* **PROBLEM DETAILS**
Without including any images, repeat the data exactly.

*** Opening DATA EXTRACT ***

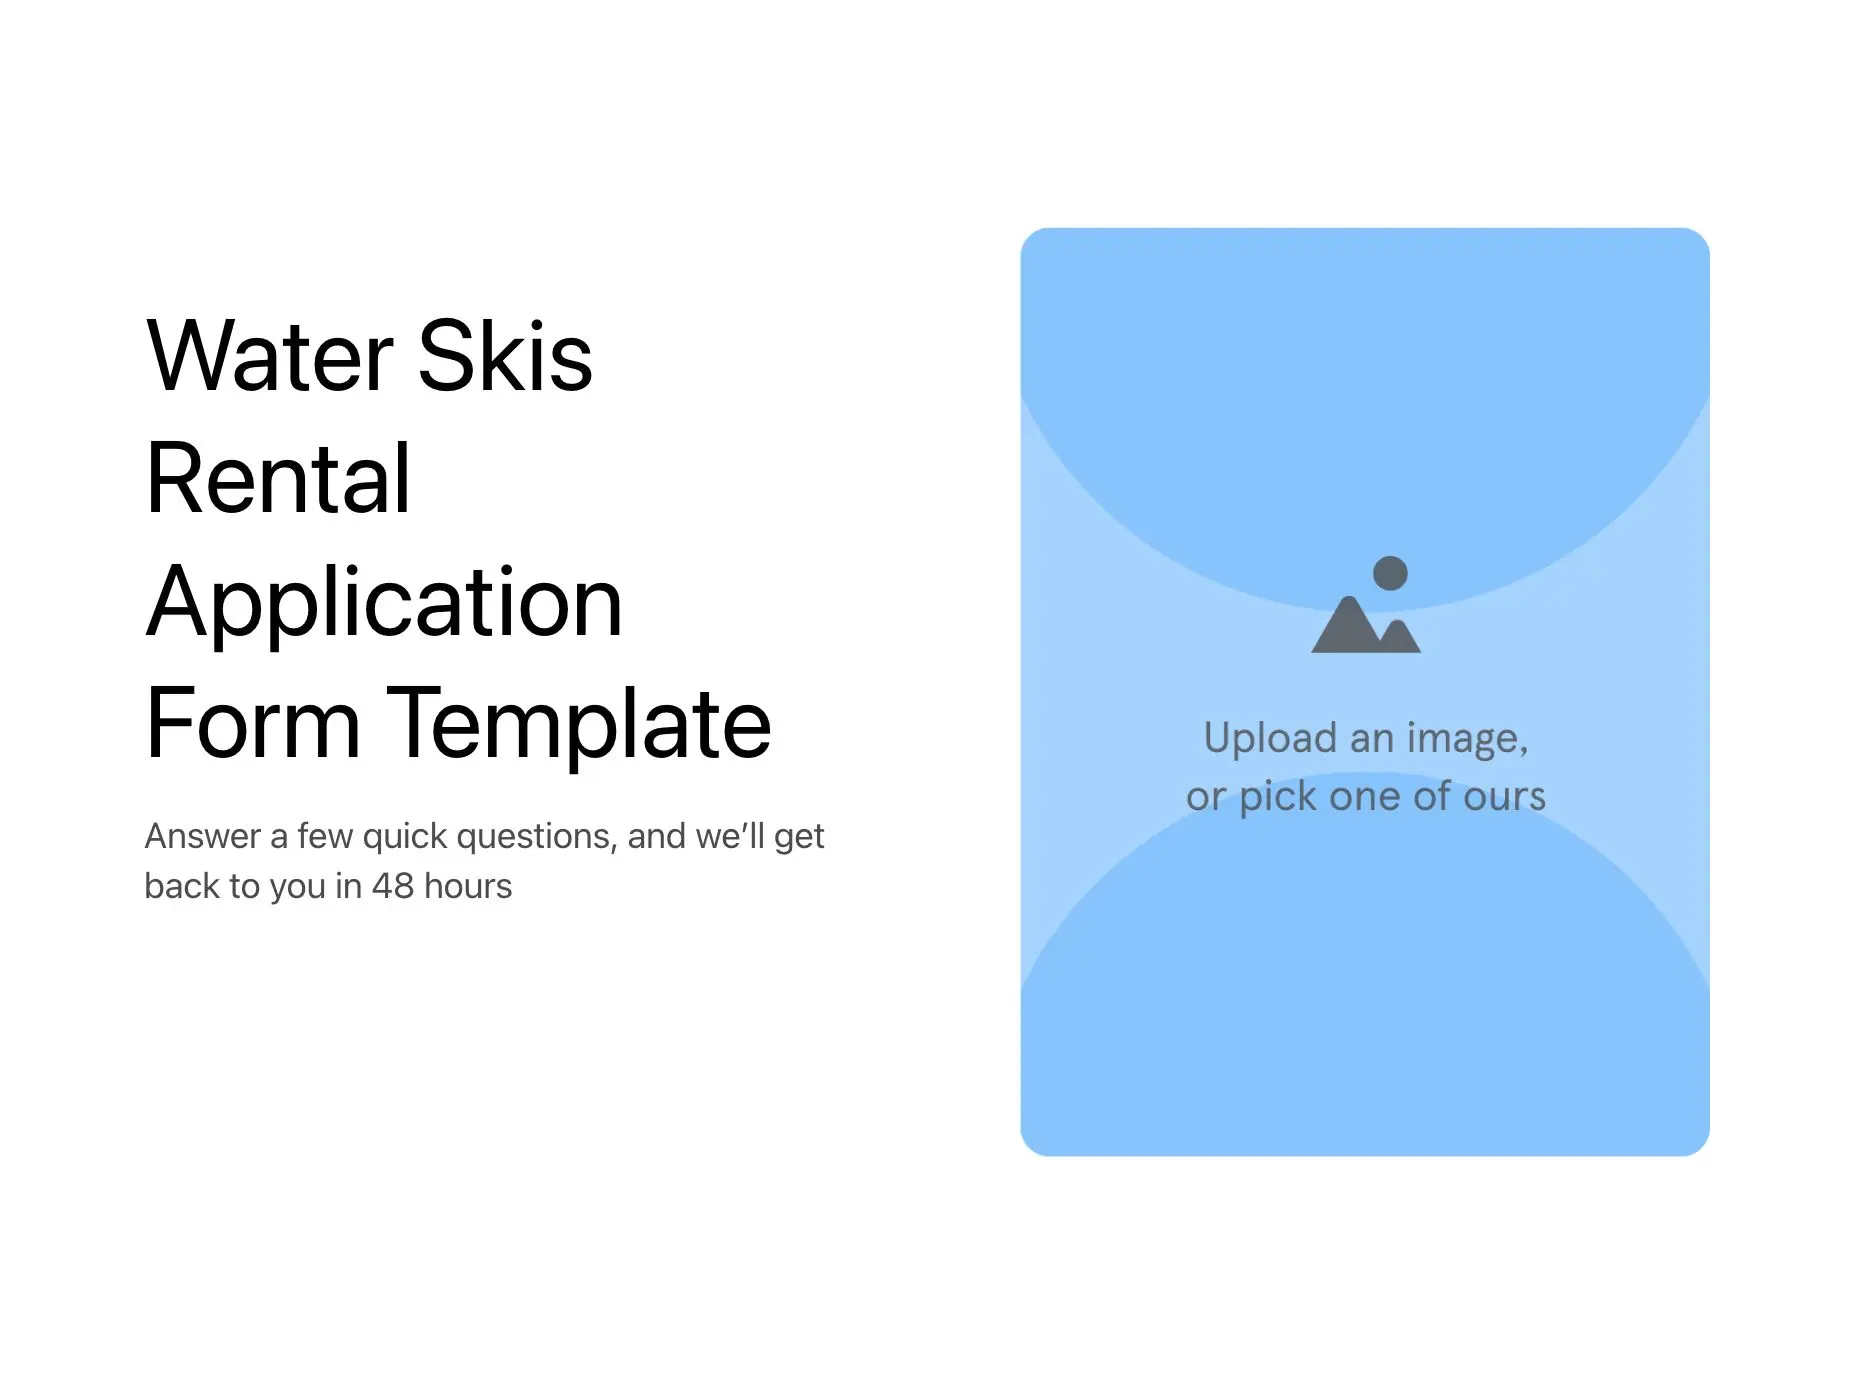 Water Skis Rental Application Form Template Hero
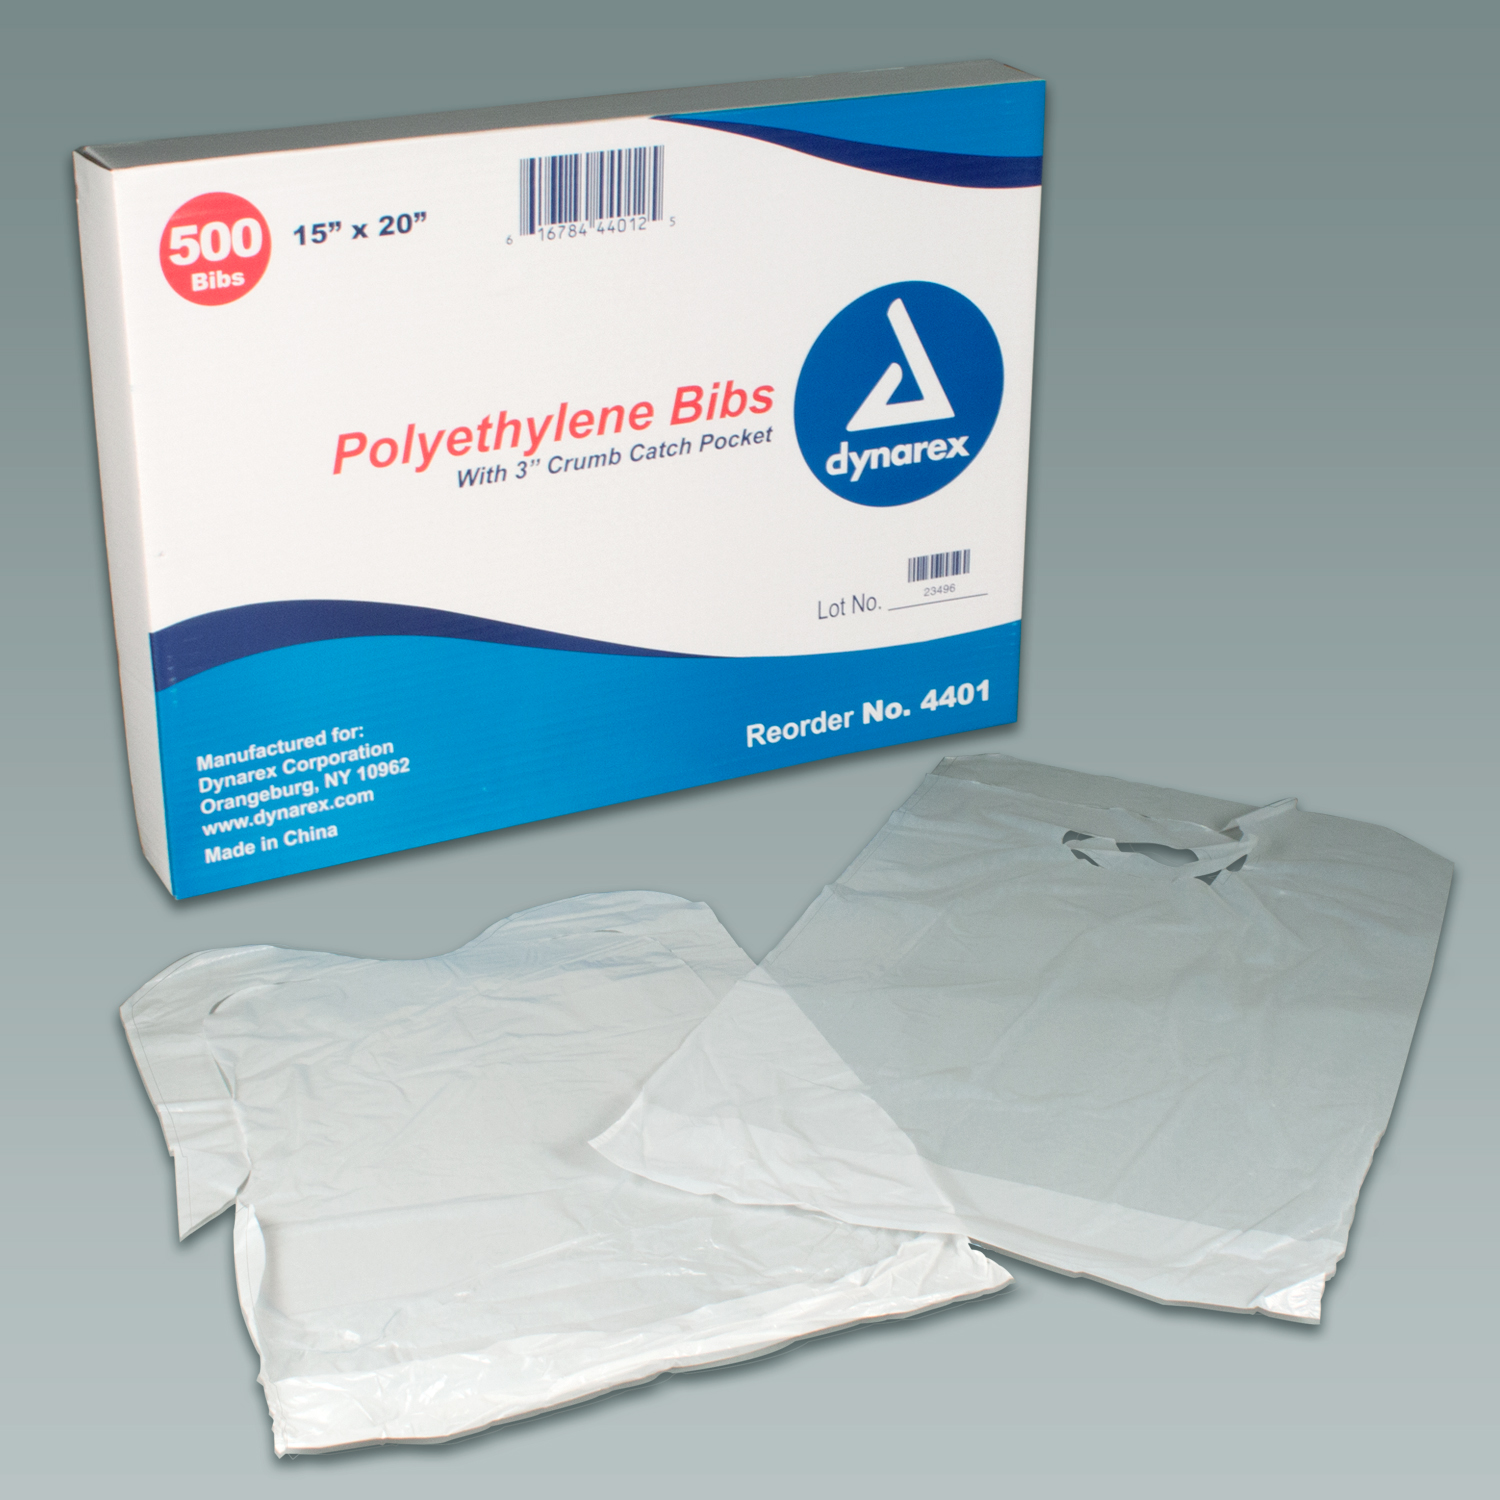 Polyethylene Bibs w/ 3in Crumb Catch Pocket - 15 x 20in
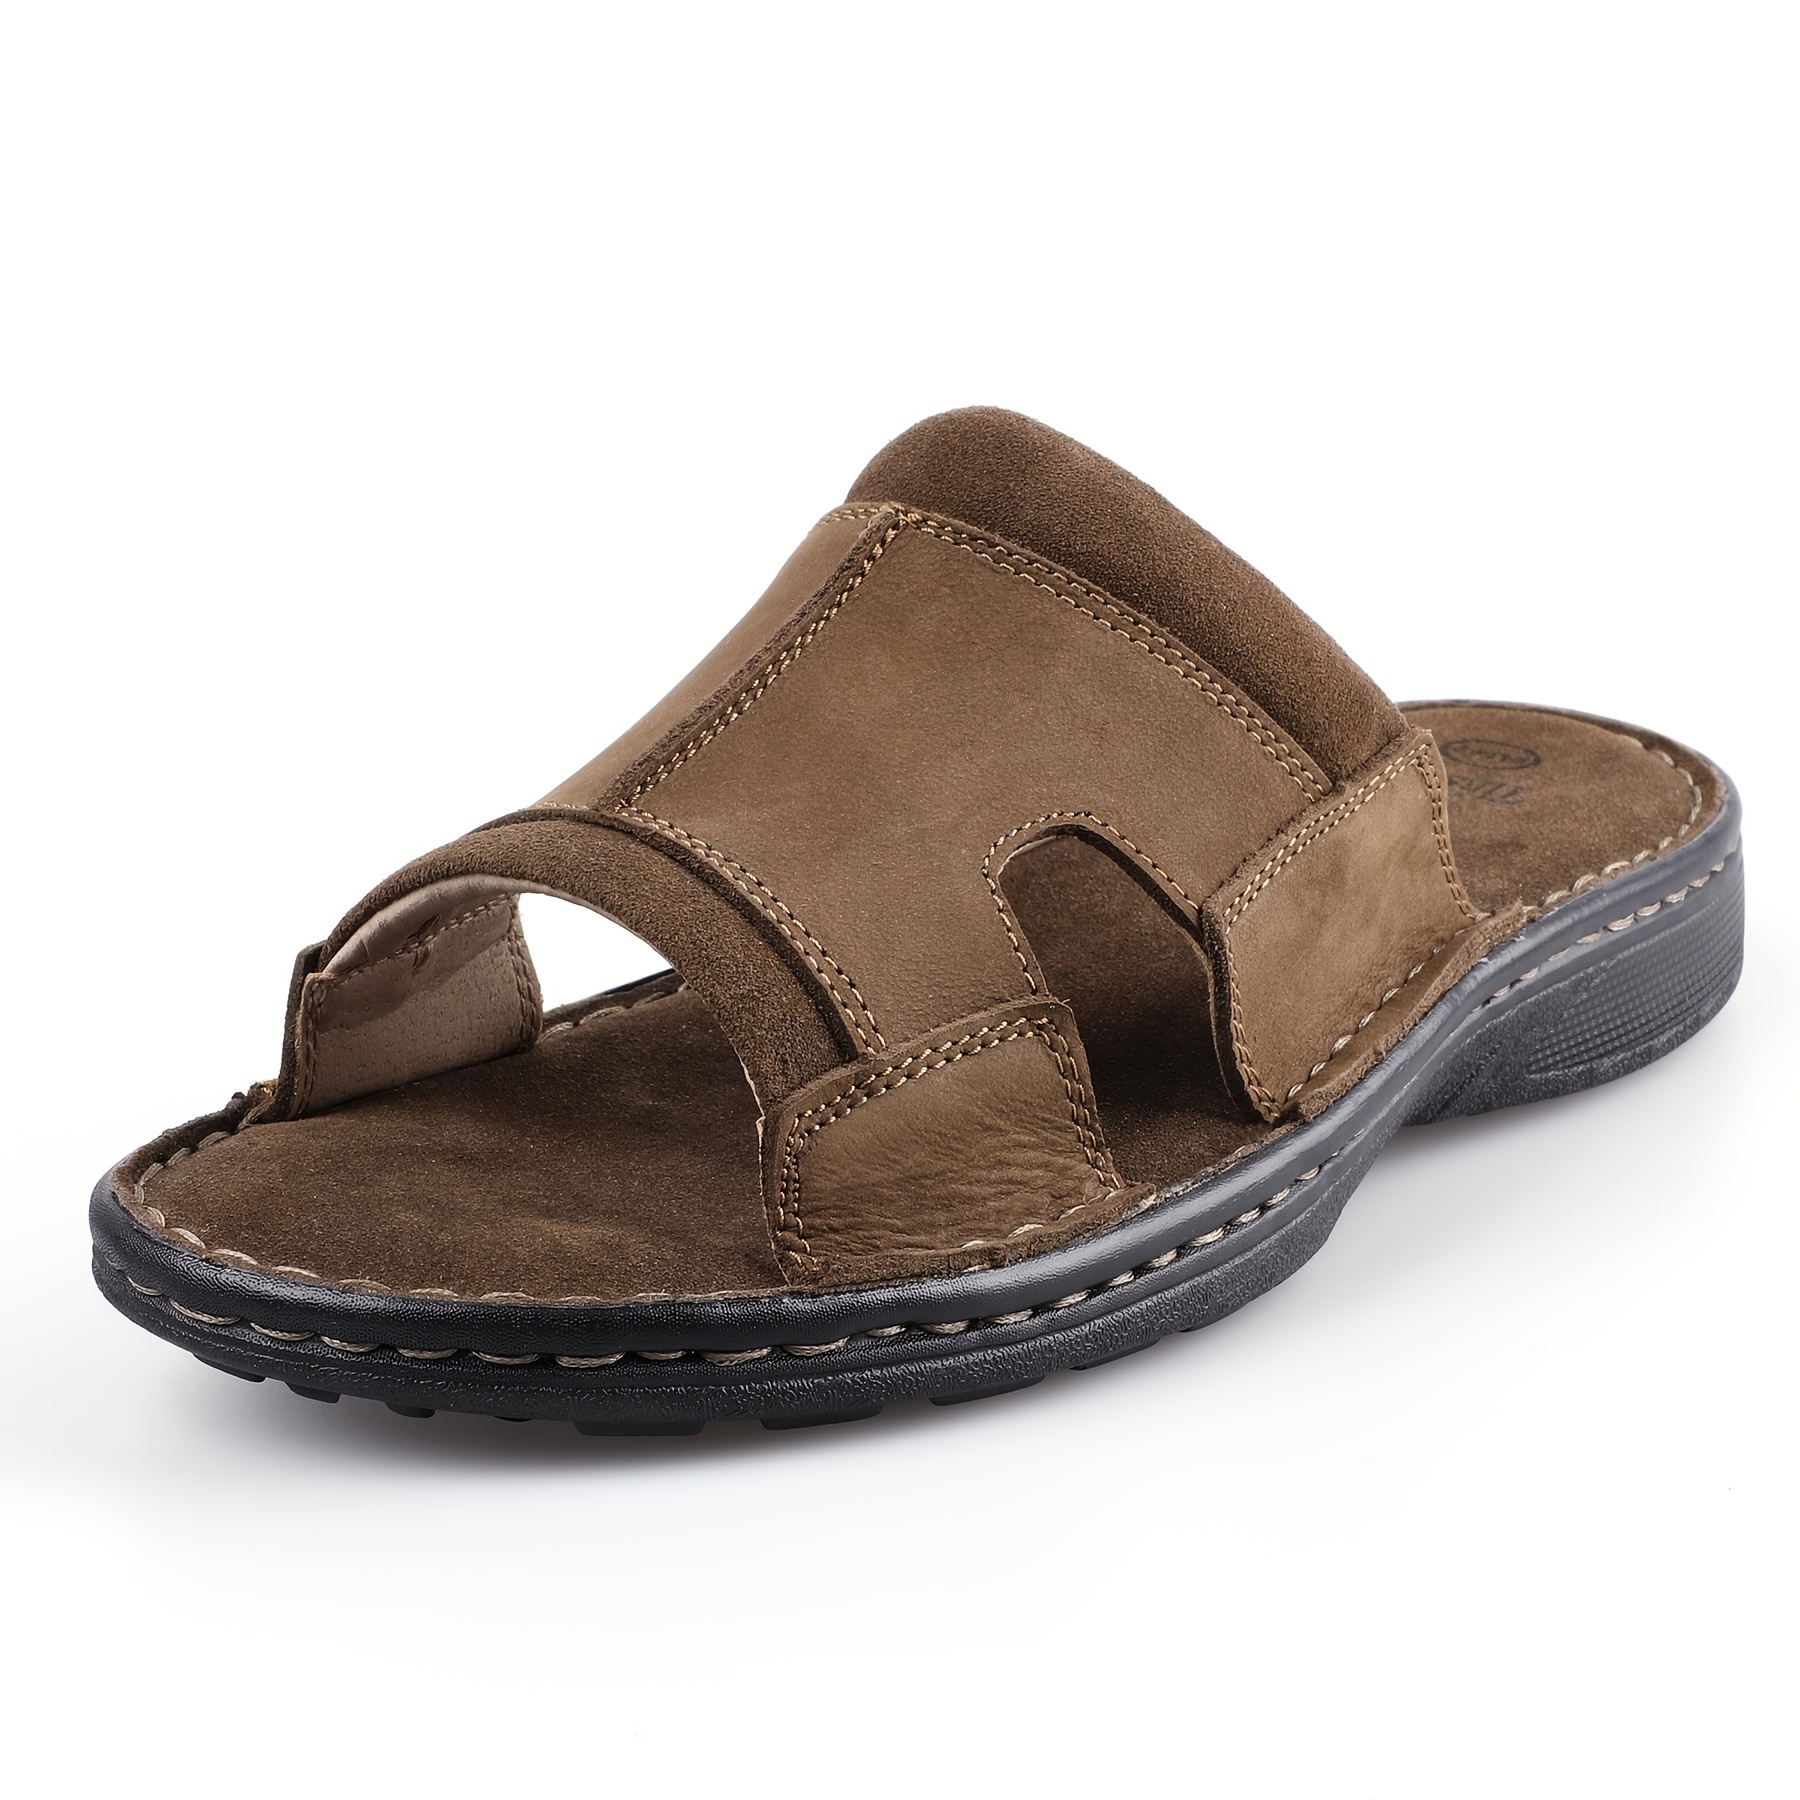 Men's Leather Slide Sandals | Memory Foam | Moisture Wicking | Non-slip Sole | Our Store

*** Closing DATA EXTRACT ***

* **SOLUTION TO THIS PROBLEM**
 Water Skis Rental Application Form Template Hero
 Polyethylene Bibs w/ 3in Crumb Catch Pocket - 15 x 20in
 Men's Leather Slide Sandals | Memory Foam | Moisture Wicking | Non-slip Sole | Our Store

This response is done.